Somewhat related, how do Linux users avoid viruses, given you have various distros and it's not as widely used,

They don't download stuff off of unofficial websites, mostly. The vast majority of software you use on any distro will come from a software repository and it's a lot harder to throw malware in there and keep it there for any amount of time.
The above generally applies to macs as well.

...I doubt you can have Norton, Avast, Kaspersky, etc all running on your PC. Or do they run fine?

I think some of the antivirus companies have Linux versions but I've never met anyone who uses them.

know people say Linux is safer becuase less people use it, therefore less people make viruses for it, but all you need is a few guys who figure linux is a valid target.

Small marketshare, fewer worthwhile targets, the targets that do exist can be nuanced in a lot of ways requiring further considerations of malware dev if you're trying to steal data at rest.
And again people aren't really downloading random stuff. It's rare you have to go online to find actual software to use that isn't in a repo and if that's the case, use an arch-based distro instead of a web browser.

Do linux users just assume they won't get infected?

Yeah.

I'd wager most malware for *nix is corporate or state-sponsored.
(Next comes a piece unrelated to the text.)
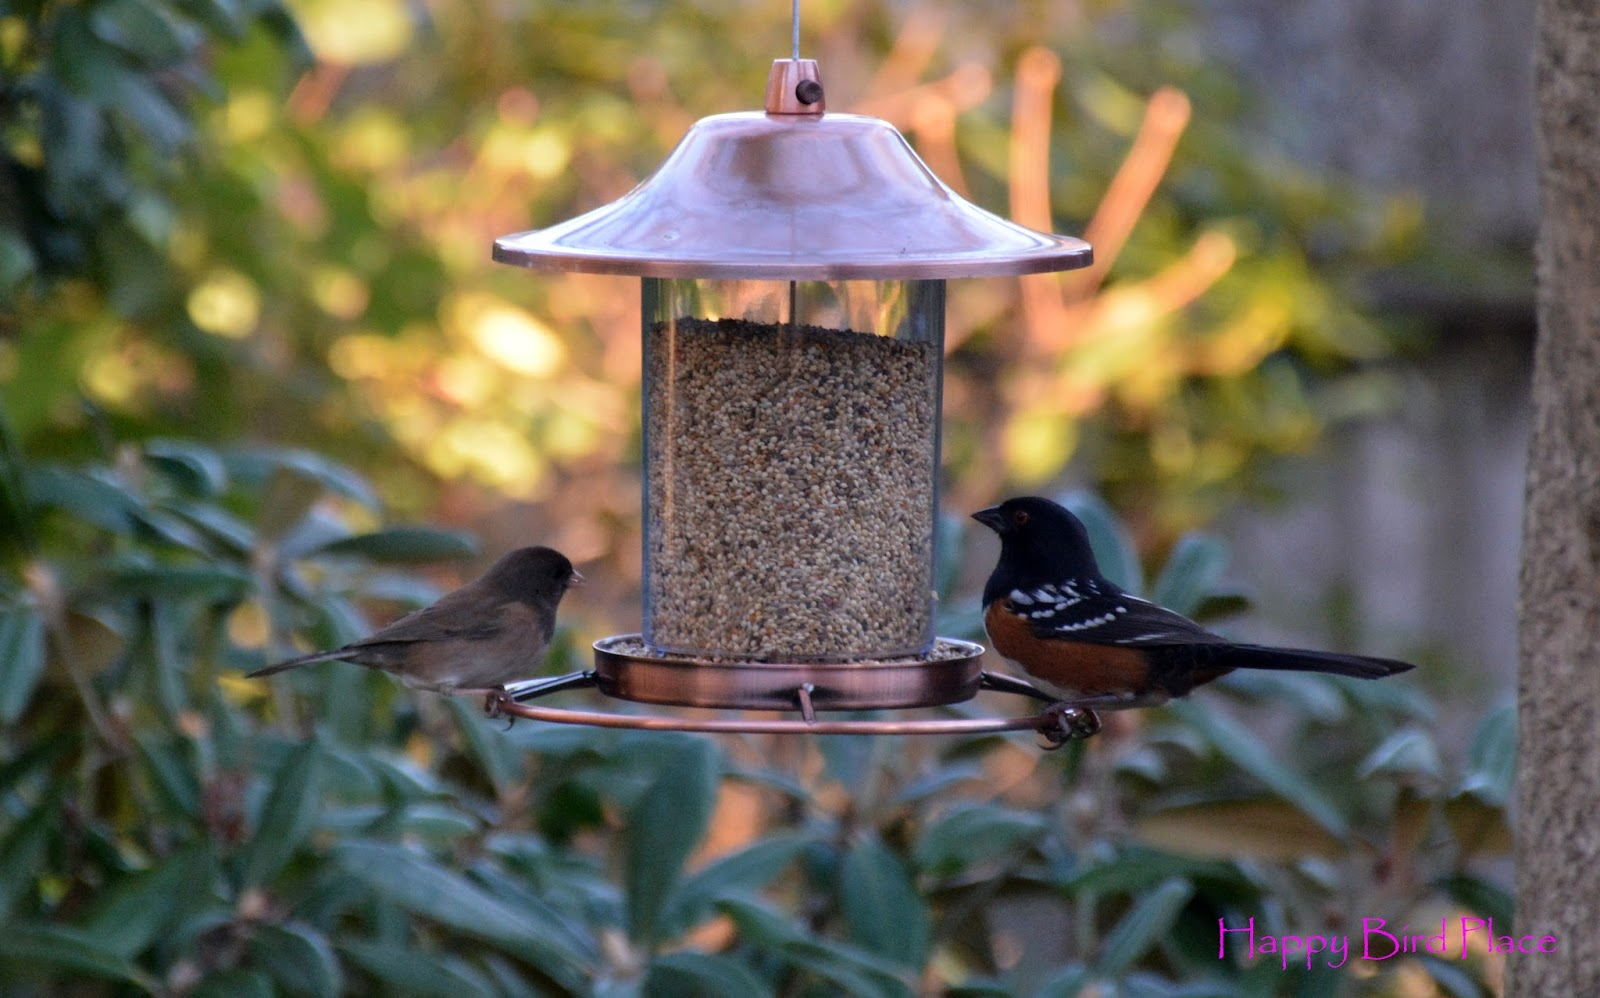 happy bird place finch and grasskeet blog backyard birds at my

It's not that Linux is hard to make malware for, it's just for someone trying to steal data it's a lot of work for far less return than Windows which has a larger marketshare and a lot of technically illiterate users who are easy prey and often run anything as admin that asks.
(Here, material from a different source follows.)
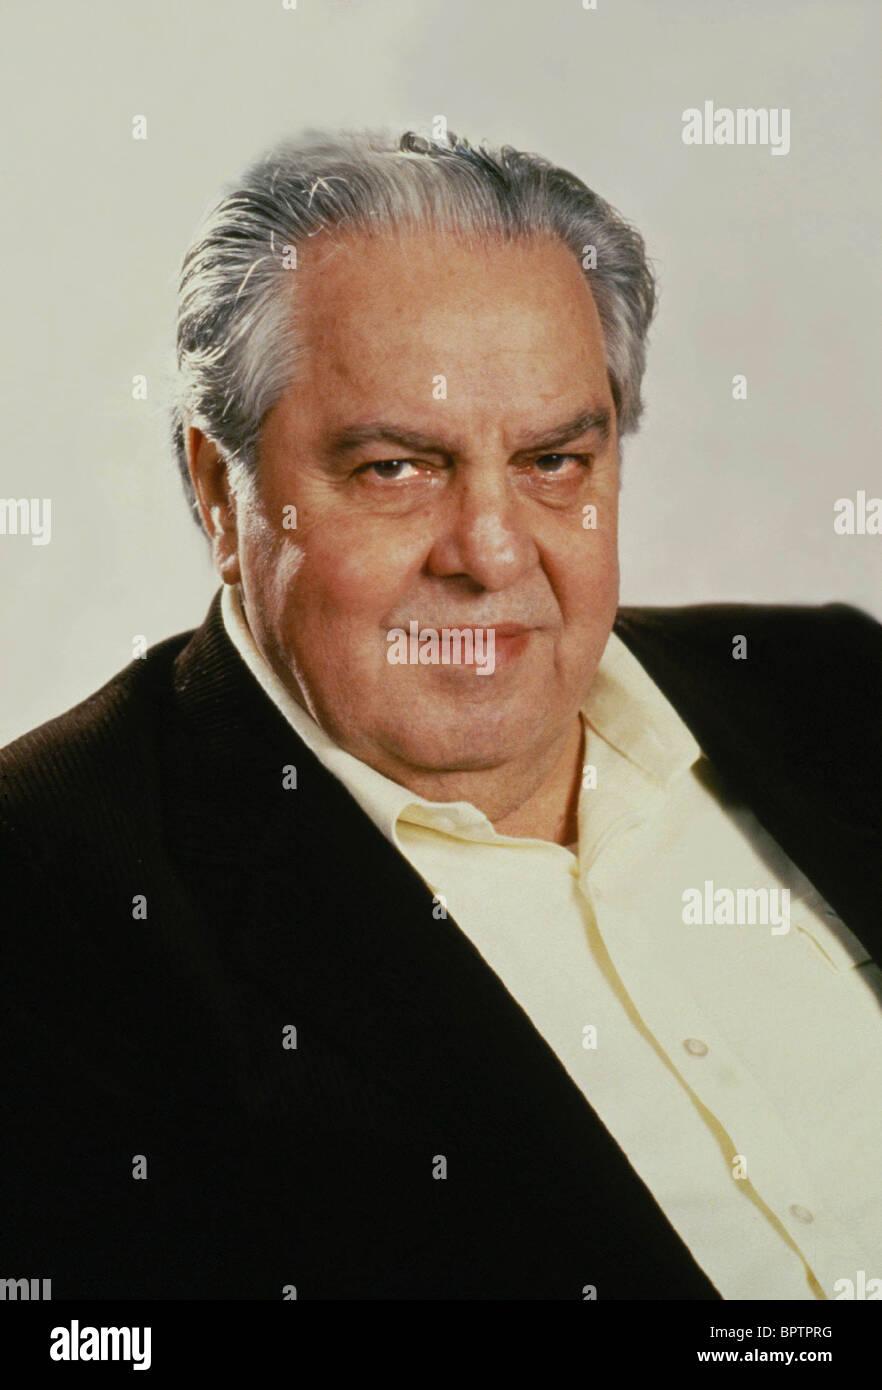 Producteur ALBERT R. Broccoli 'JAMES BOND' (1980) Photo Stock

Windows 10 isn't insecure but people are dumb and will ignore all the warnings so that whatever they're doing will "just work".

 

[cecograph]

FWIW @AmpleApricots, I looked into network namespaces following your advice. I'm now set up with one that sees my regular network interface, one that sees the VPN, and a default one that sees nothing but a loopback interface. I assumed this set up would get in the way and piss me off pretty quickly, but I've been happy with it.

Do you or @Overly Serious have any opinions on firejail?

 

[L50LasPak]

Stock Windows Defender has always worked great for me. I never found a free anti-malware program I liked, but then again I also haven't needed an anti-malware program ever since I started using adblockers. Its really amazing just how much shit that tries to fuck with your computer comes out of ads and badly scripted pages.